Develop a compiler using java: code implementation Thompson constructor 1, input text preprocessing
This program is the first step of building and implementing Thompson. Input text preprocessing. The code in this section can be extracted from the attachment of the cloud class.
The directory structure of this Code is as follows:
The purpose of our program is to convert the regular expression in the text format to the nfa in the linked list, that is, the text:
D [0-9]
{D} + return ICON
({D} + | {D} * \. {D} + | {D} + \. {D} *) (e {D} +)
Convert
Before conversion, We need to pre-process the text. In the above text, there are actually two different parts. The first part is called macro definition:
D [0-9]
Just like the macro definition in C language, the macro should be replaced before the code is compiled. before conversion, we also need to replace the macro in the regular expression, that is
{D} + return ICON
({D} + | {D} * \. {D} + | {D} + \. {D} *) (e {D} +)
Convert:
{[0-9]} + returnICON
([0-9] + | [0-9] * \. [0-9] + | [0-9] + \. [0-9] *) (e [0-9] +)
That is, replace double brace D with [0-9].
The conversion of a macro definition seems to be simply a replacement of a string, but it has a difficulty in processing a set of macro definitions. For example:
D [0-9]
A [a-z]
AD {D} | {}
{AD} \. {AD} +
As you can see, in macro definition AD, its own definition needs to be composed of other macro definitions (D and ),
After macro AD is replaced, replace D and A. That is, replace them into two parts.
1. Replace {AD} \. {AD} + with ({D} | {A}) \. ({D} | {A}) +
2. by ({D} | {})\. ({D} | {A}) + Replace with ([0-9] | [a-z]) \. ([0-9] | [a-z]) +
Therefore, when replacing the macro definition, you need to be careful when dealing with such a set, the set may even be very multi-layer.
The macro definition consists of the following methods:
Name <a series of spaces> macro-defined content <a series of spaces or line breaks>
Therefore, the program parses macro definitions according to the above format. macro definition Parsing is handled by MacroHandler:
We use a hash table macroMap to store all macro definitions. If two macros have the same name, the next Macro will overwrite the previous one. The input system is inputSystem and the macro definition content will be obtained from the console, call the newMacro function to parse the input content (call up elipse ).
NewMacro functions construct macro definitions by parsing a line of content read from the console. First, ignore spaces and empty rows until the first meaningful character is met. Starting from the first character, according to the macro definition format, we need to construct the macro definition name and combine all character sets until spaces are encountered, the character string of the set is the macro-defined name.
The valid content is the macro definition content after the macro definition name, which is collected, put into the macroContent variable, and put the macro definition name as the key into the hash table.

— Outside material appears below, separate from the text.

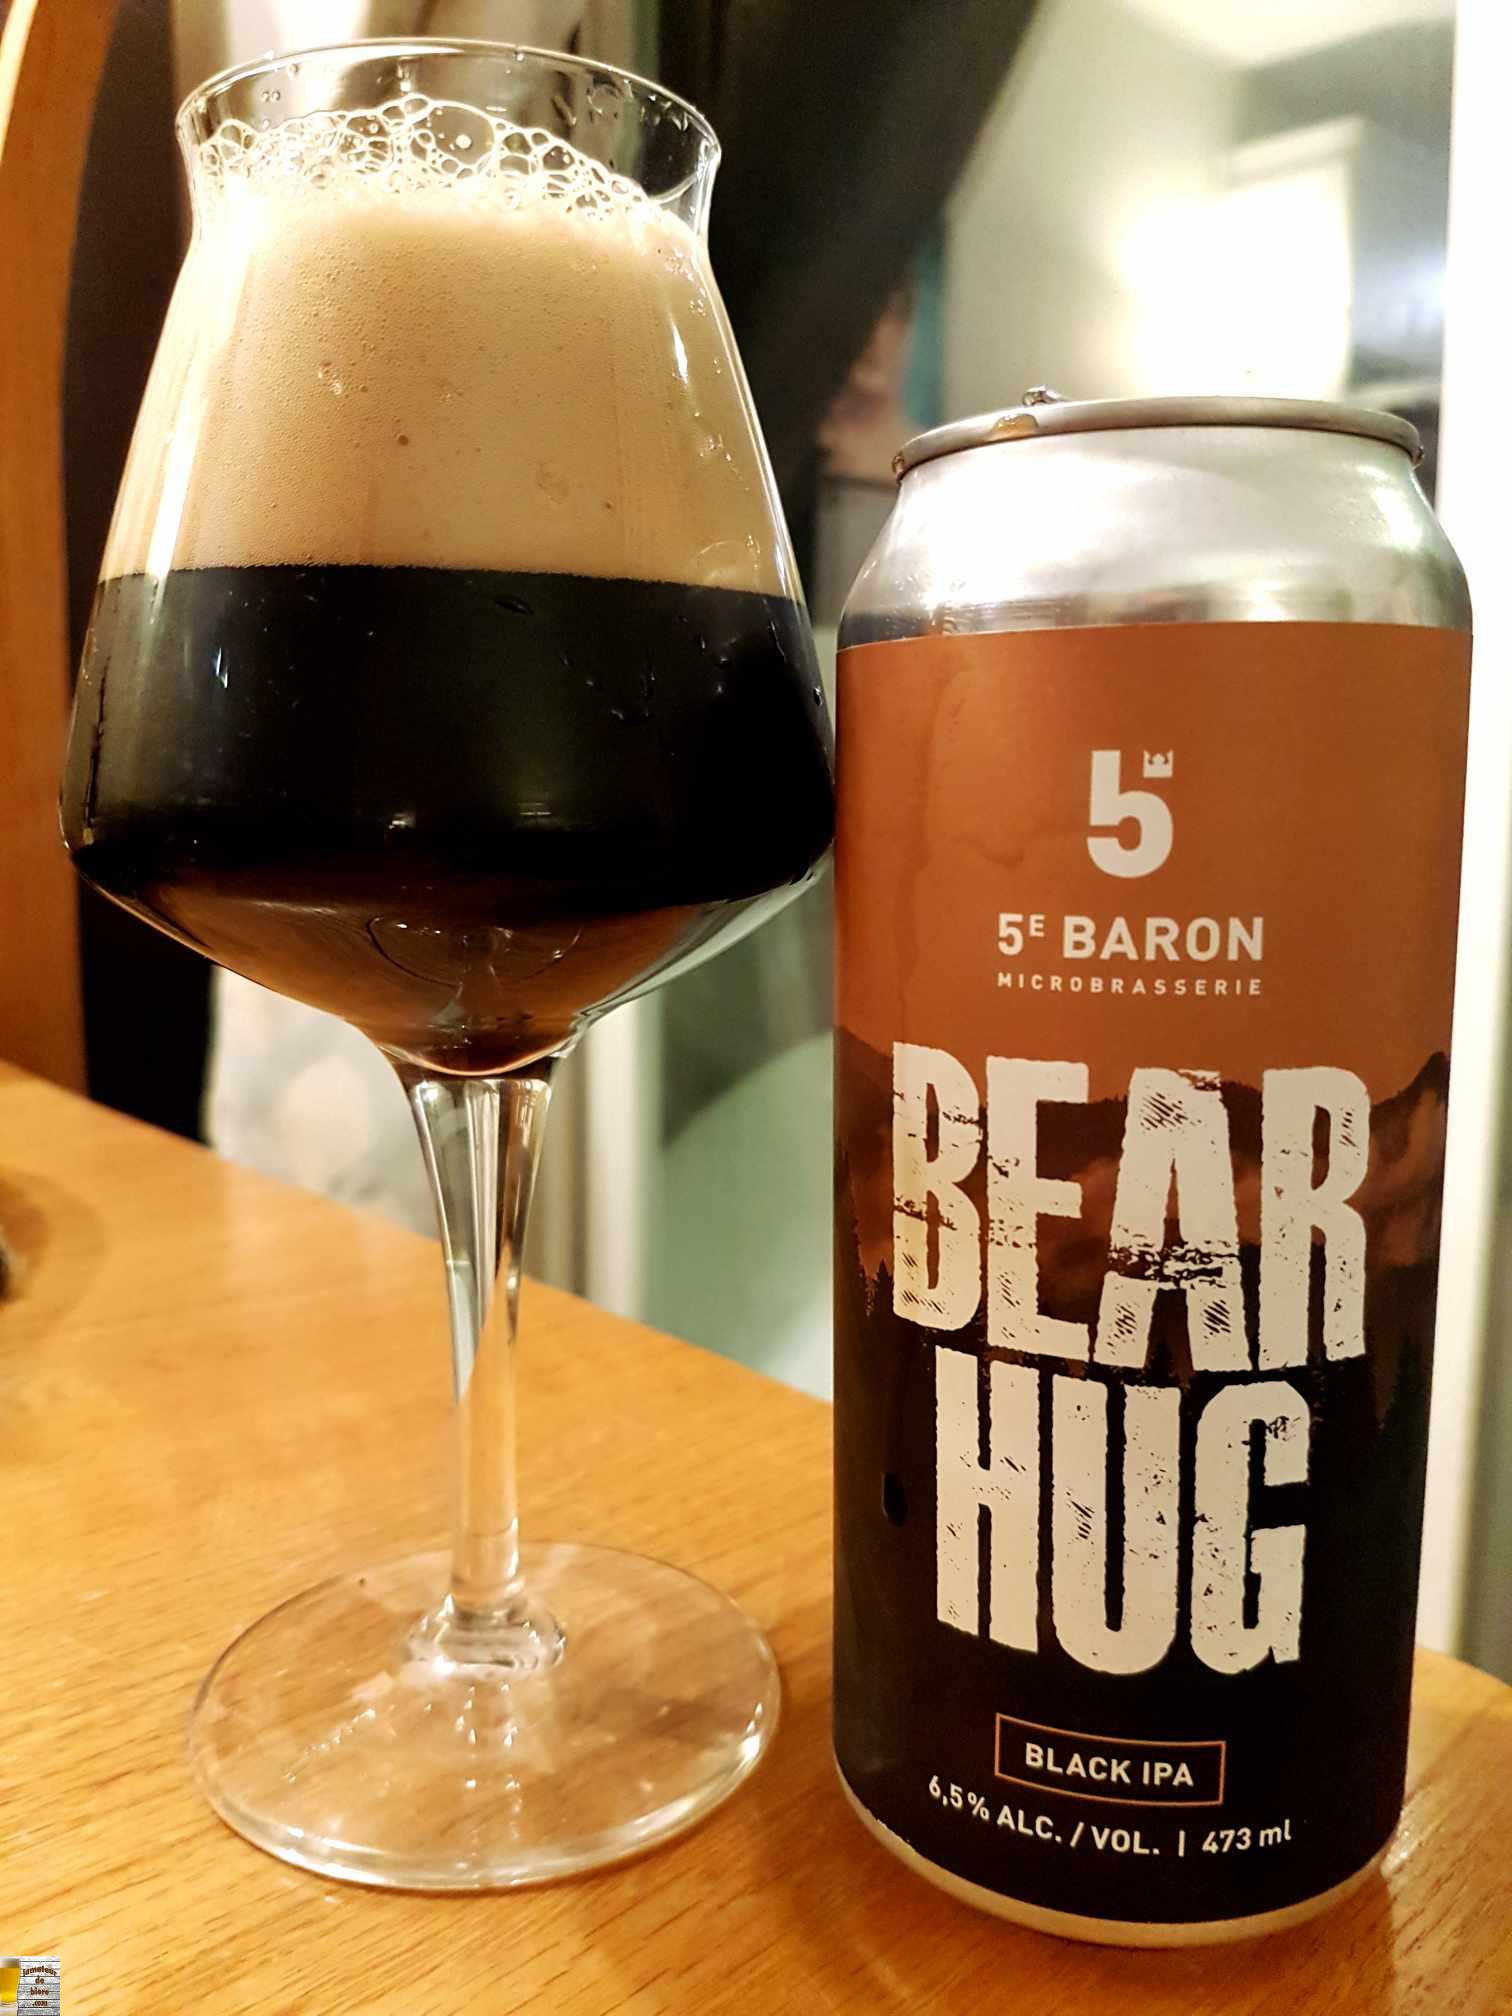 Bear Hug de 5e Baron

When parsing a regular expression, you need to replace the macro, that is, by specifying the macro name to get the macro content. The interface expandMacro needs to get the macro content:
Replace the text of a regular expression:
In the code, we use the RegularExpressionHandler class to replace the regular expression input. The basic process is to read the regular expression text and parse the read content, if the {} symbol is included in the content, the program confirms that macro replacement is required, and the string in {} is given in advance as the macro definition name, and the macro definition content is obtained through the aforementioned interface expandMacro, replace with the expected content. If there is a macro definition after the replacement, repeat the replacement process. The code for this class is as follows:
(Call out eclipse)
Input is the input system used to obtain the input of a regular expression. macroHandler is the macro definition processor we mentioned above. This class stores all pre-processed Regular Expressions in an array for later programs. After a series of initialization is complete, call processRegularExprs to start the regular expression preprocessing process.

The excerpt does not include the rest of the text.